**What you need to do**
Retype the material that follows exactly, limited to the lines from the one with "Tin foil heart can" through the one with "Liv-Com a Balcón", and keep out all pictures.

**Entries shown**
______
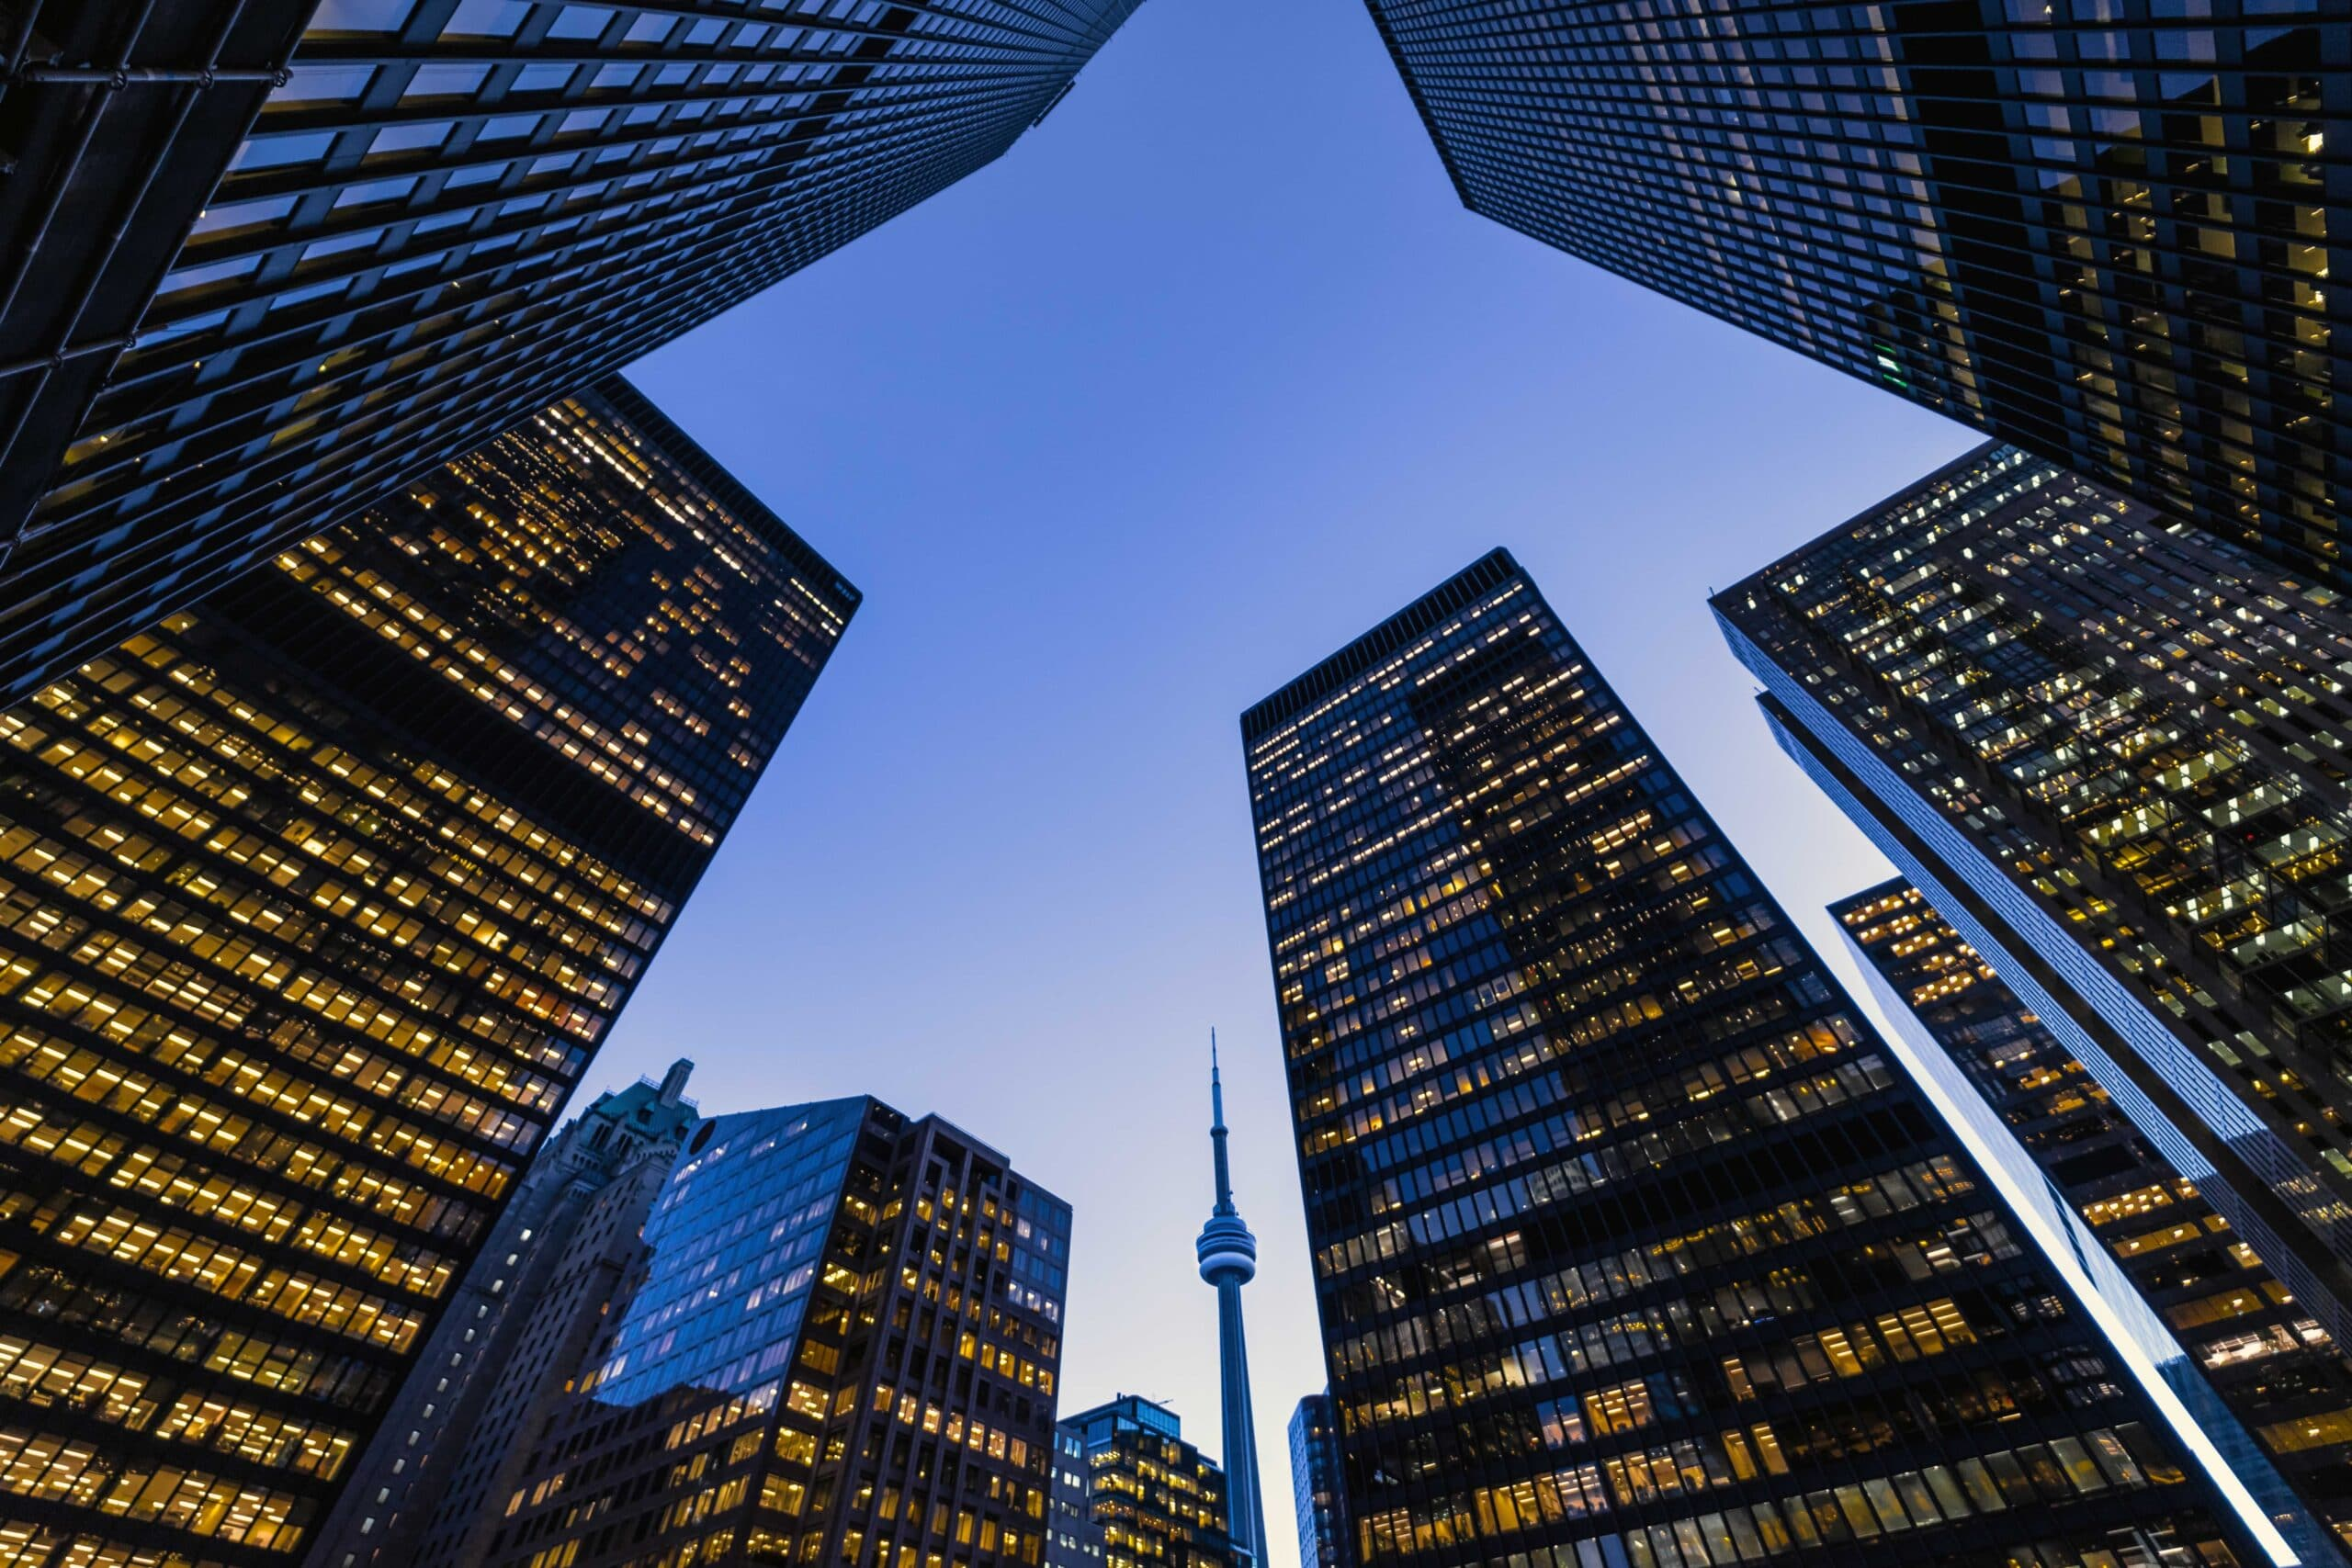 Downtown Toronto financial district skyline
______
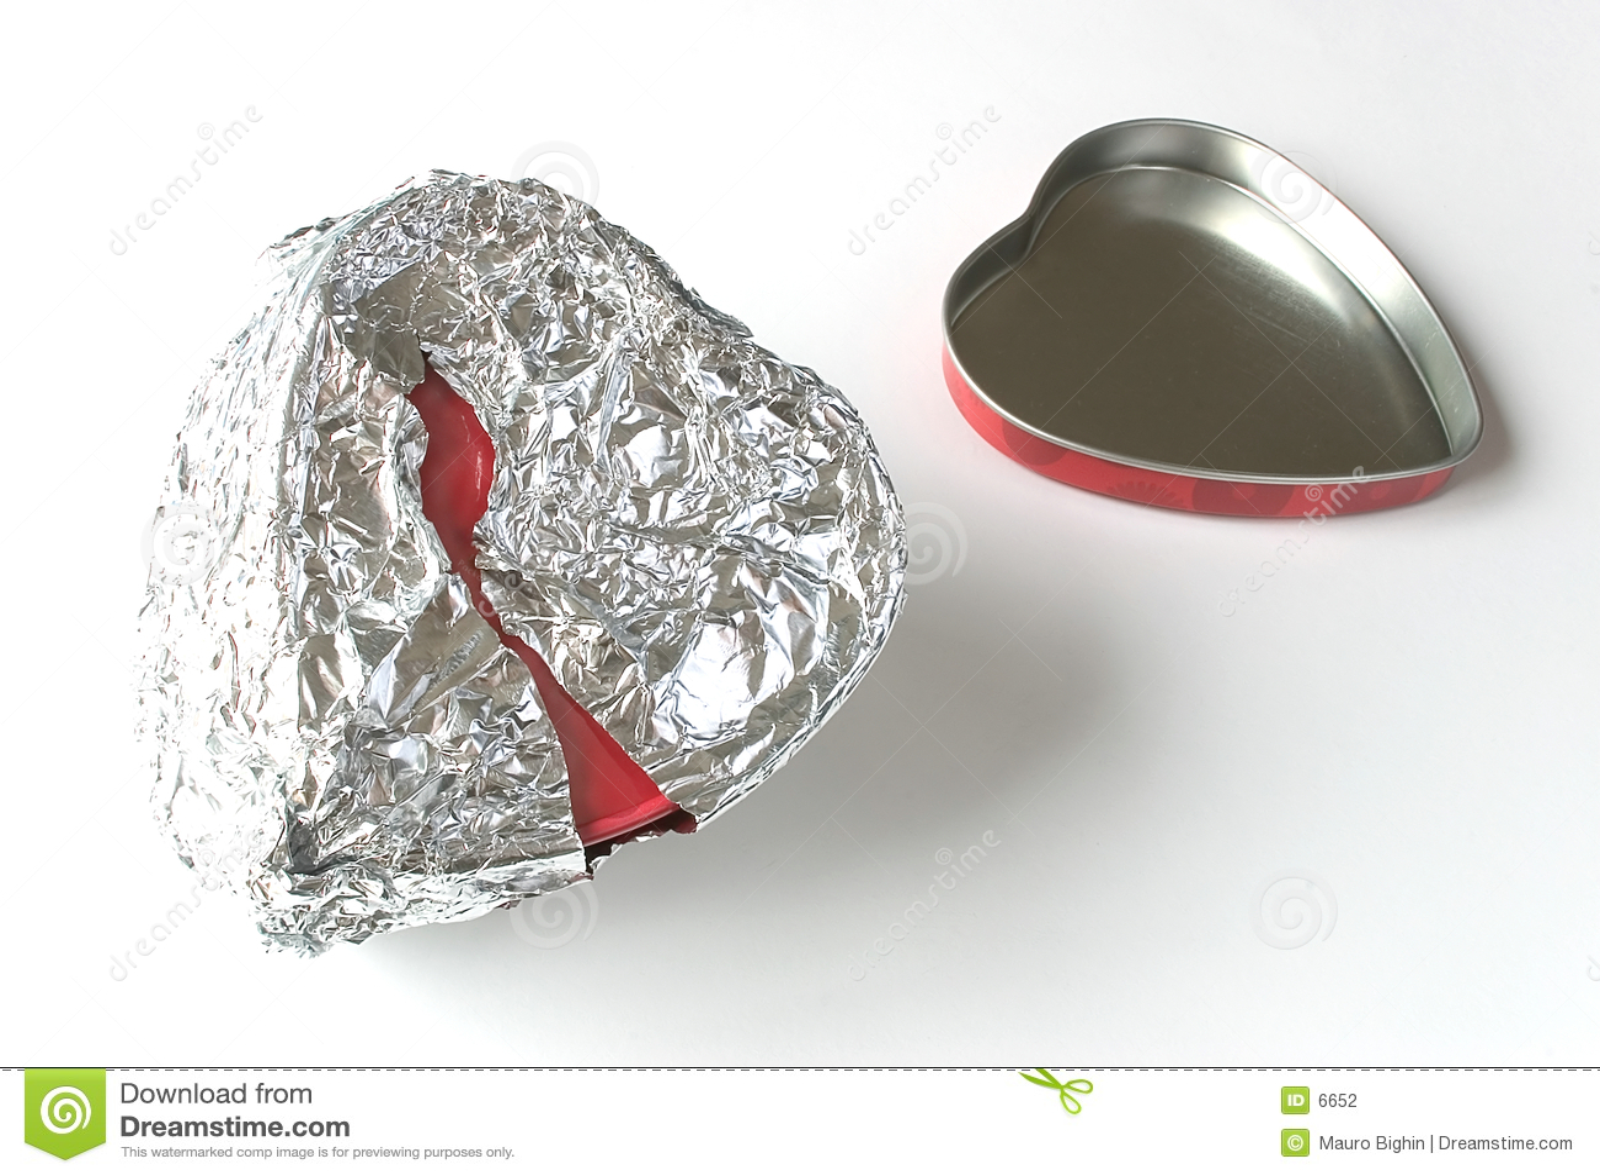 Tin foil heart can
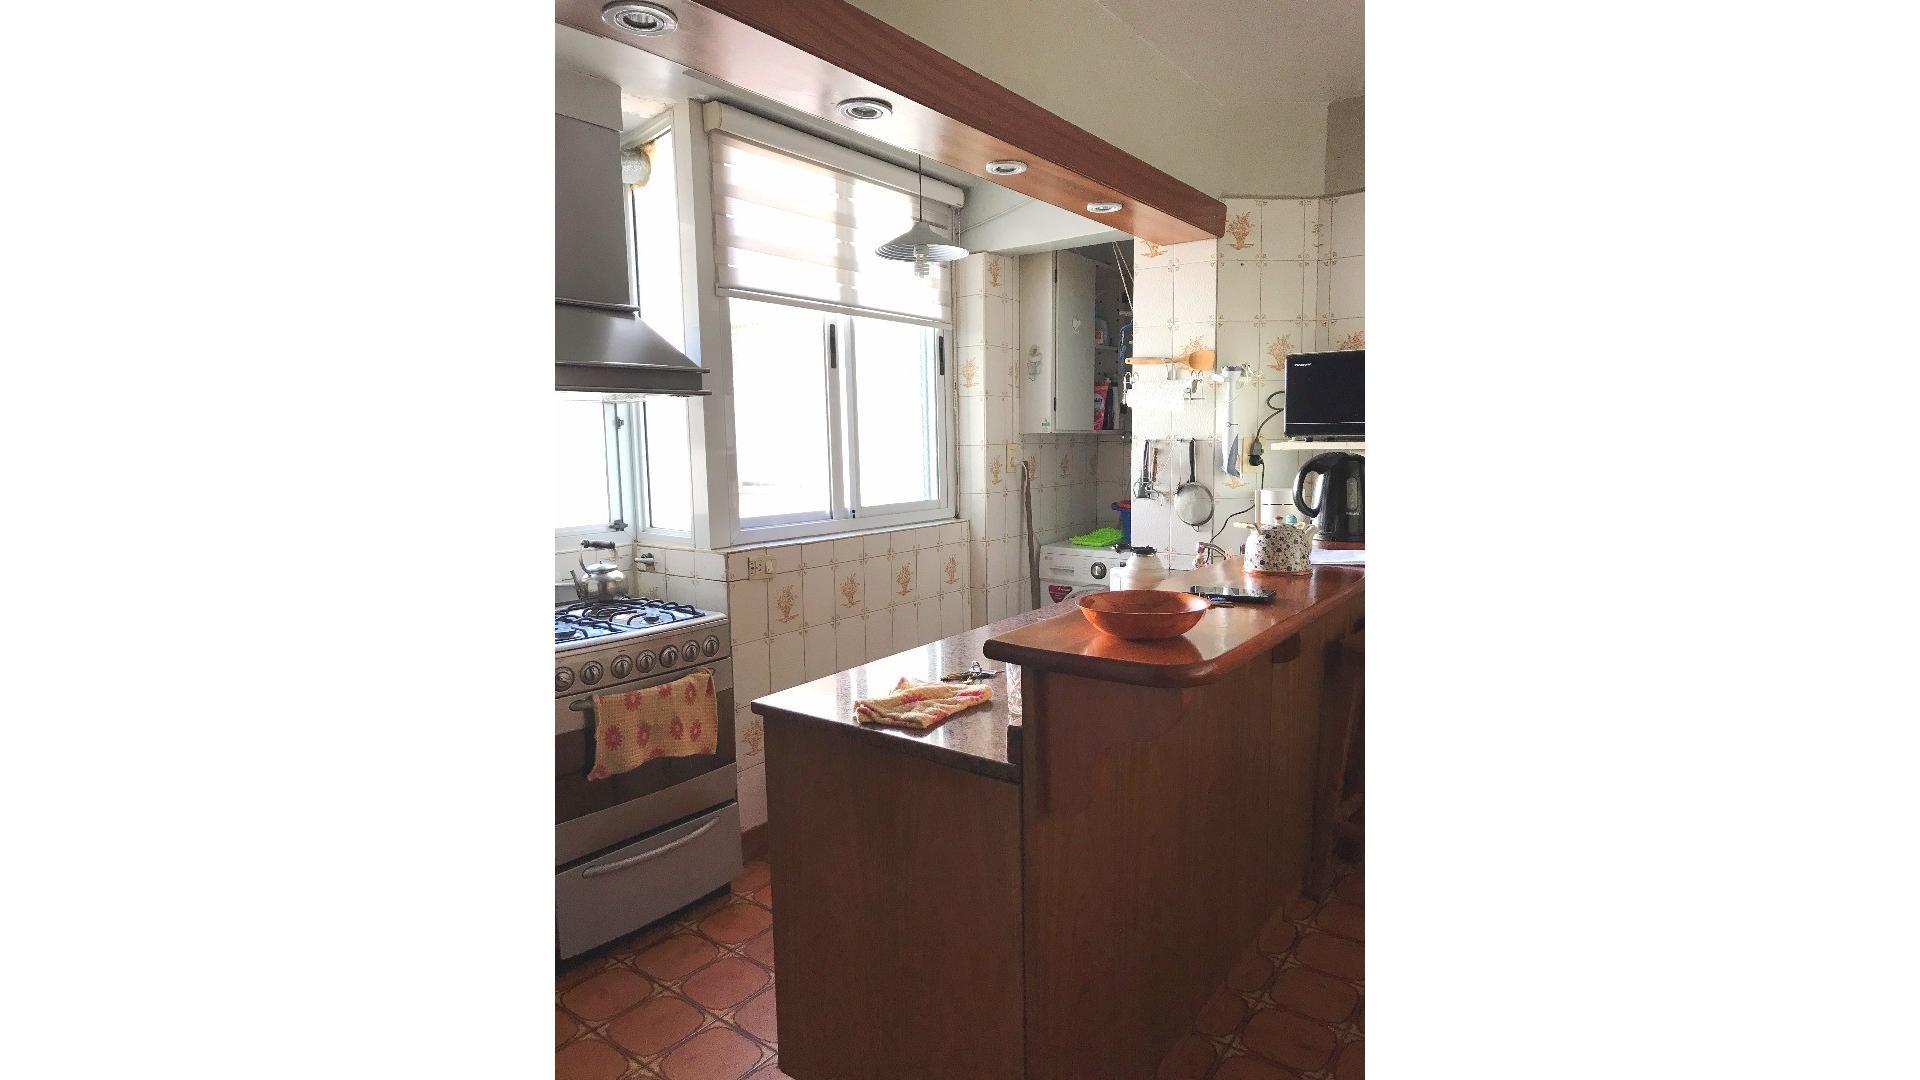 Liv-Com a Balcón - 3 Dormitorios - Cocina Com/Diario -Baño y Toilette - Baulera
______
**Exercise answer**
 Tin foil heart can
 Liv-Com a Balcón - 3 Dormitorios - Cocina Com/Diario -Baño y Toilette - Baulera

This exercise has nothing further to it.